Hello, I joined the forum yesterday and am going to try to put some pics of my pack on! Enjoying a meal!


----------



## Lisa_j (Apr 7, 2011)

Well, darn. only a few went on.......


----------



## xellil (Apr 4, 2011)

My goodness. I hope you have a cheap place to buy meat!! Beautiful mastiff.


----------



## CavePaws (Jan 25, 2011)

Awwww! Gorgeous dogs and great food! How much do they eat a day? :O


----------



## DaneMama (Jun 27, 2008)

Its great you feed all your dogs raw! We have four Danes and two mutts so I can relate to having a rather large dog meat bill!


----------



## Lisa_j (Apr 7, 2011)

Thanks everyone! My mastiffs eat about 2-4 lbs/day. I honestly stopped weighing and judge by their looks now. I have become creative when it comes to obtaining meat.
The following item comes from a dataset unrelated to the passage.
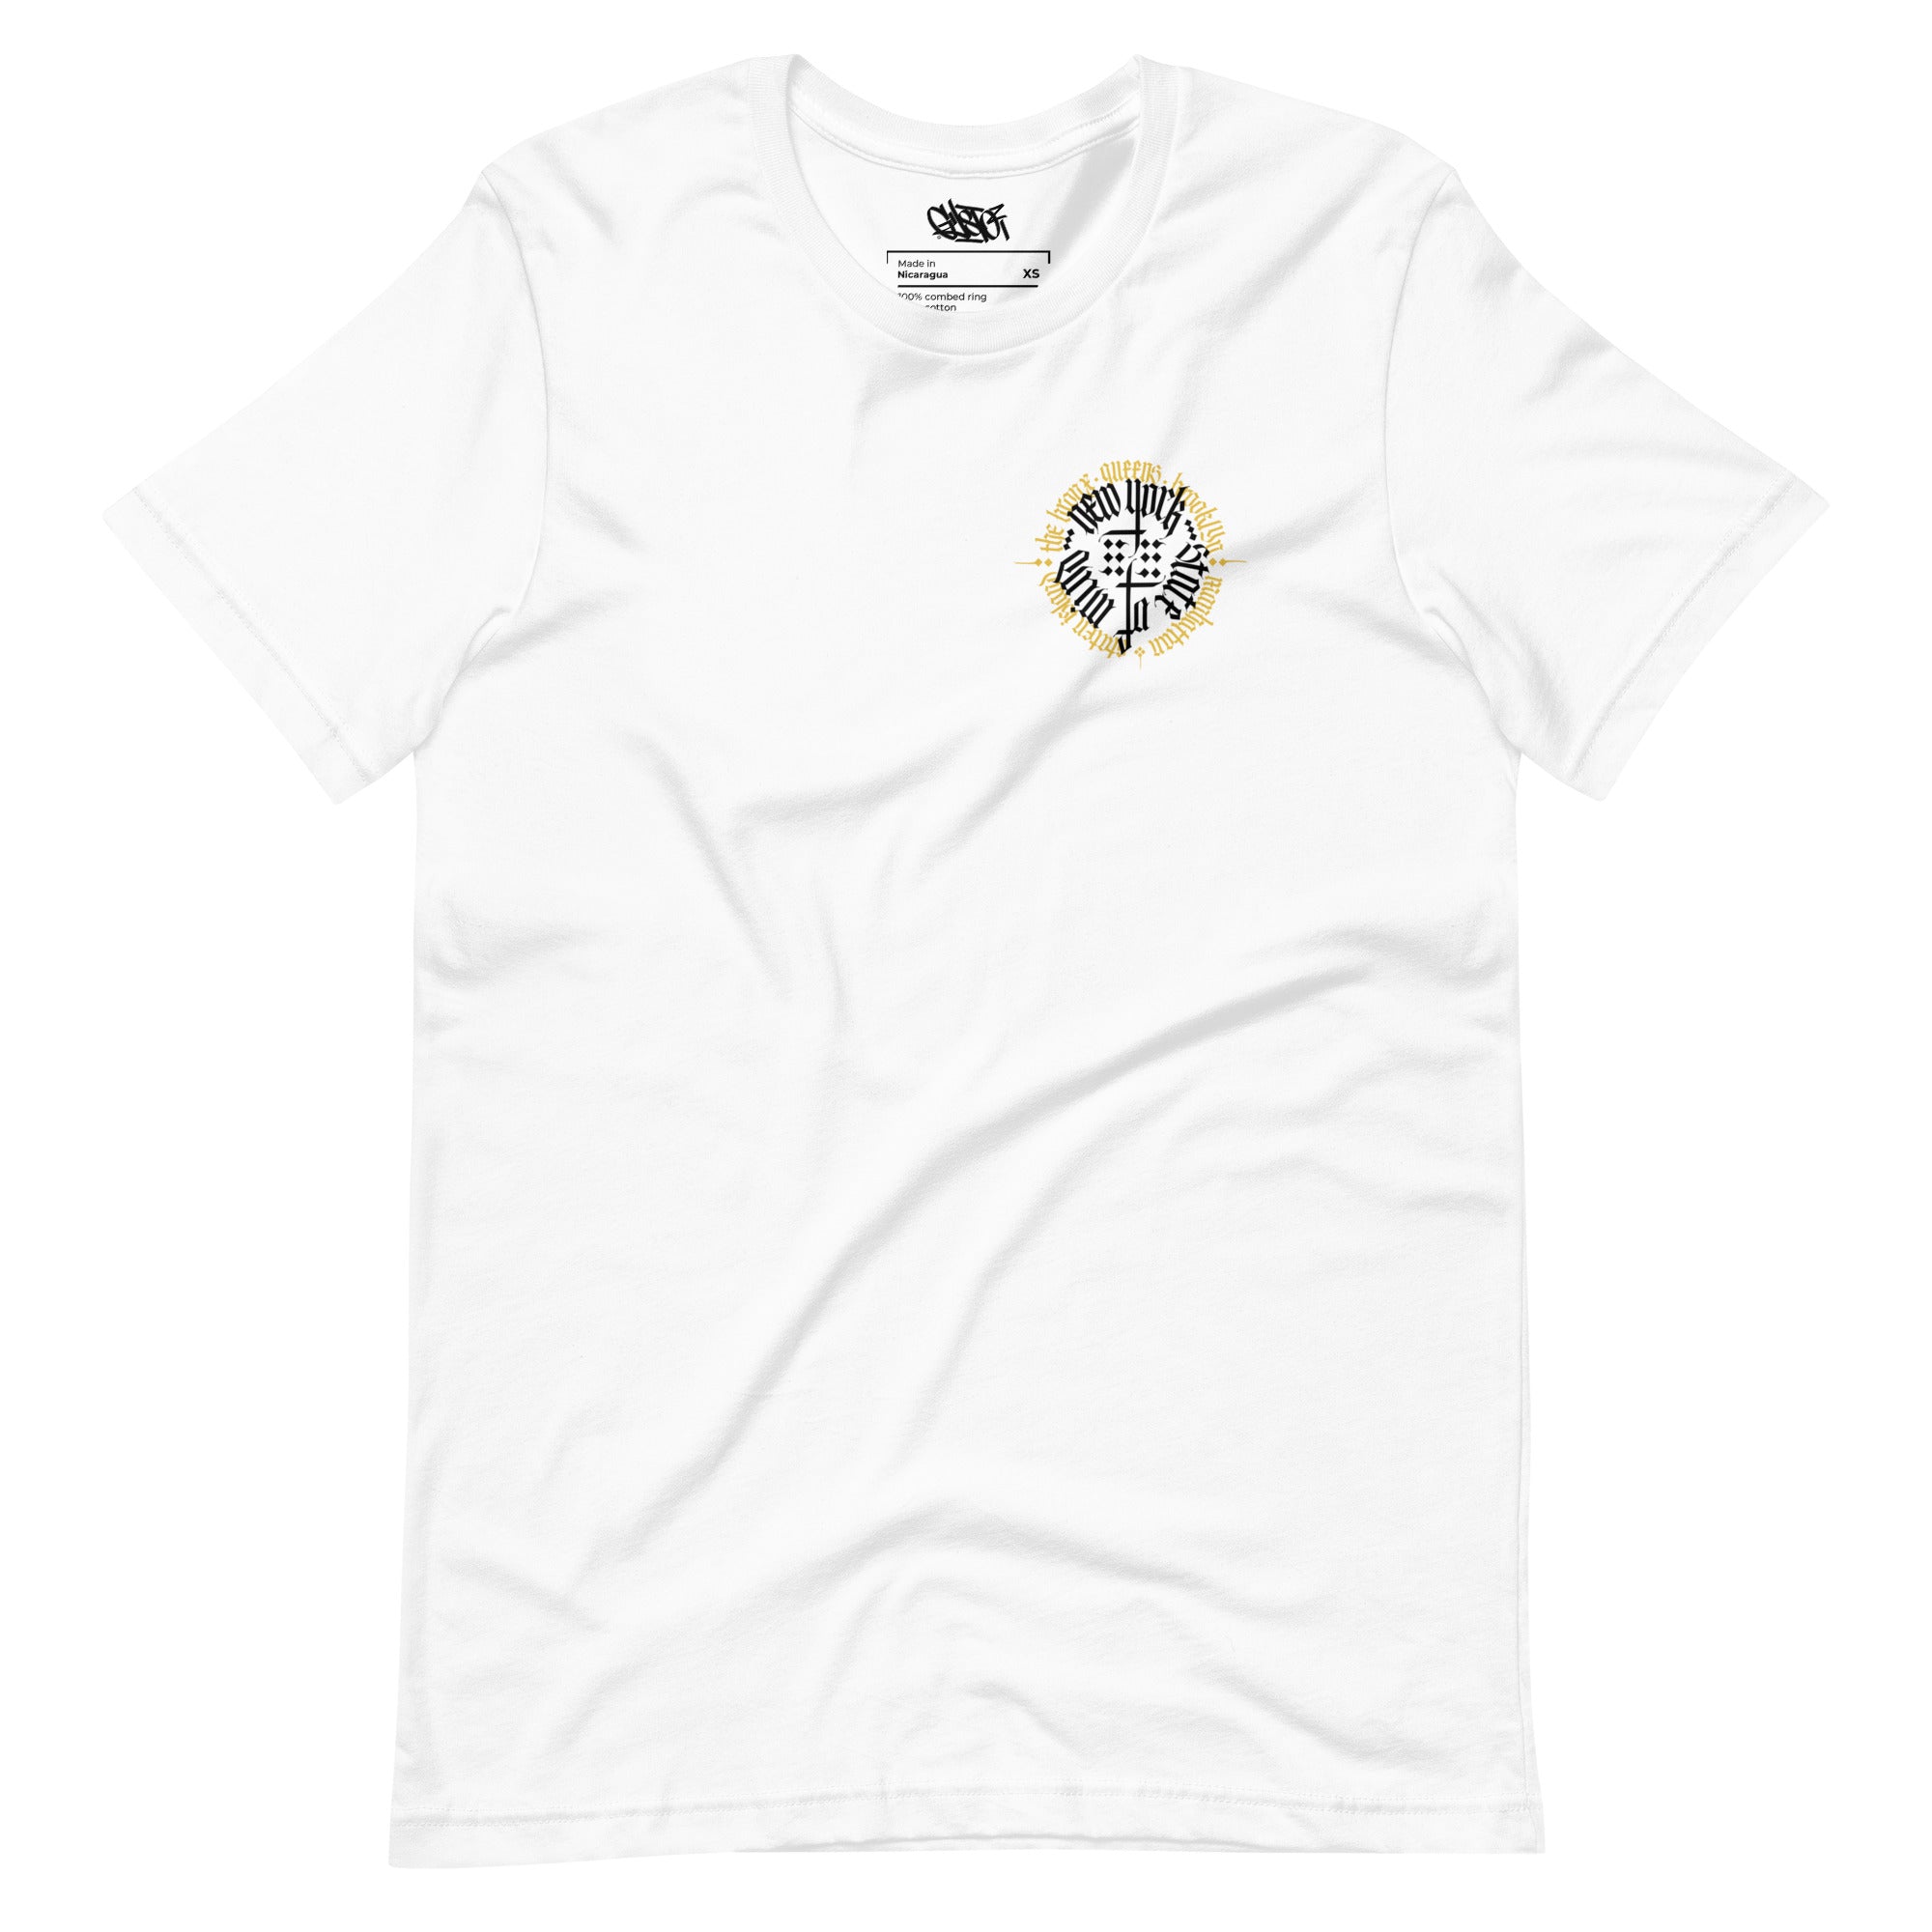 NY State of Mind Calligraphy - Unisex T-Shirt - GustoNYC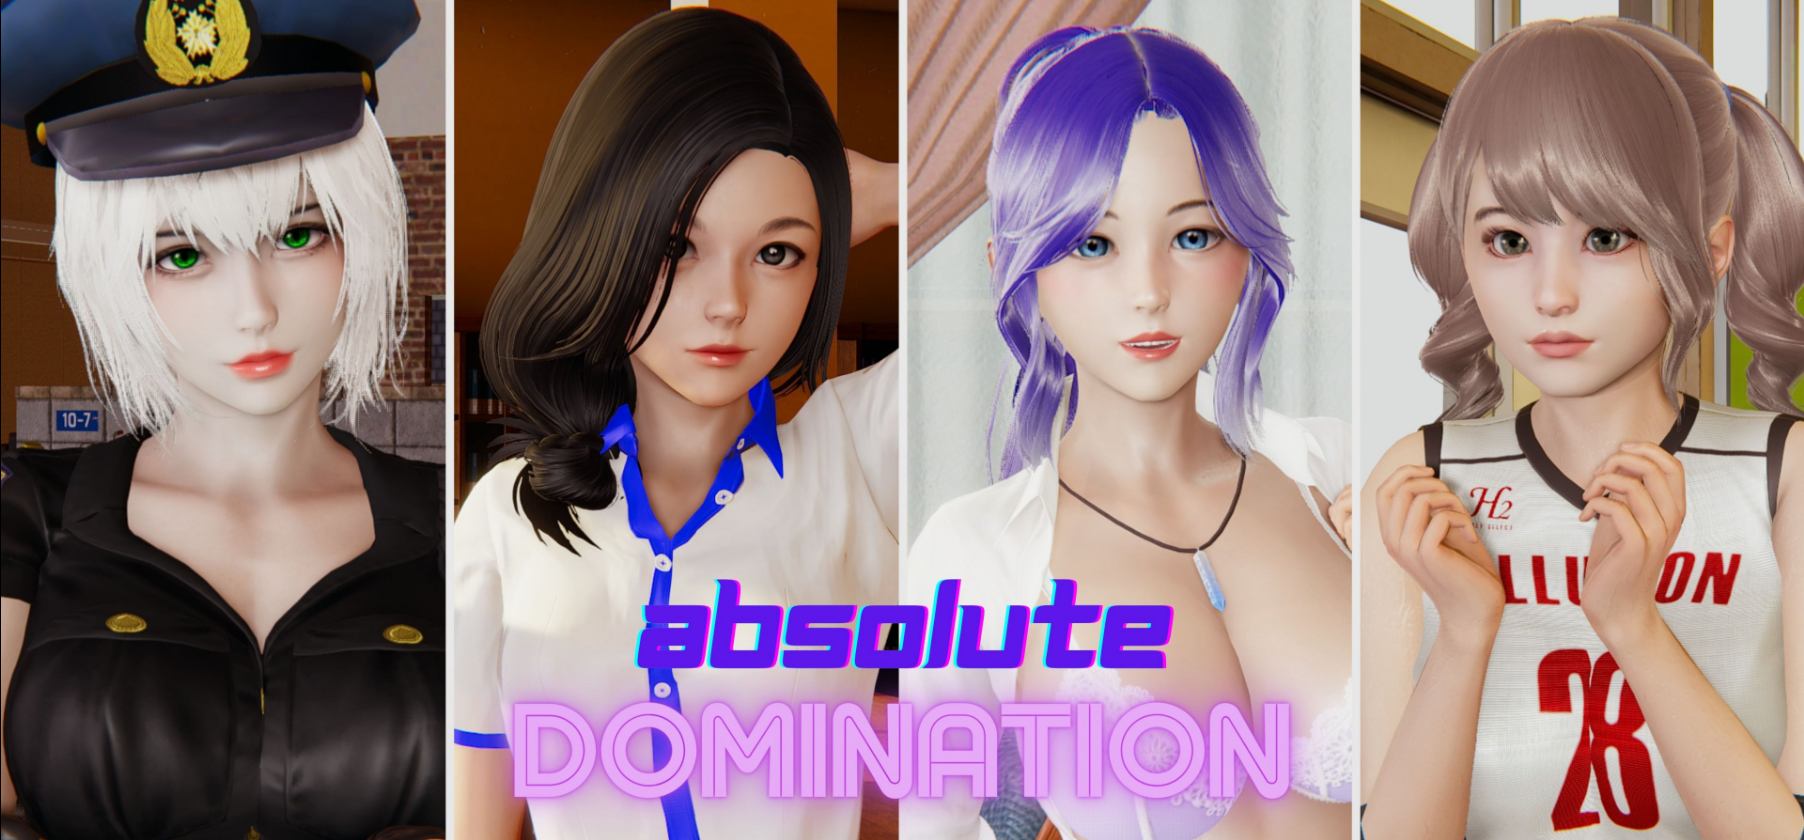 [18+ Việt Hóa] Absolute Domination: Rework (v0.2) – Sỡ Hữu Sức Mạnh Kiểm Soát Mấy Cô Em Xinh Đẹp | Android, PC

We live in western PA and I was able to make some Amish connections. I would recommend this if you can. They freeze there chicks/pinkies right away for me and sell them at $.50/each. I bought 2 baby lambs that had died for $1.00 lb and so on. I buy mutton, veil, rabbits and organ meat from them as well-CHEAP! The odd variety I get is awesome too! I found a butcher that will sell me lungs/trachea/gullet/sweetbreads all hooked together for $0.10/lb. And I advertise on craigslist, freecycle, and a few other local lists. It has become a fun challenge for me, getting meat cheap or free!!!


----------



## Tobi (Mar 18, 2011)

WOW... beautiful dogs, and what a great deal finder! lol


----------



## AdrianVall (Aug 26, 2010)

AWESOME pictures! Looks like you've done your homework with all the raw meat and best ways to obtain it!  My mastiff eats anywhere from 2-4 lbs. as well. Depends on the way his weight looks.  Anyway, great pictures. I love your pack! You should post more pics of them!


----------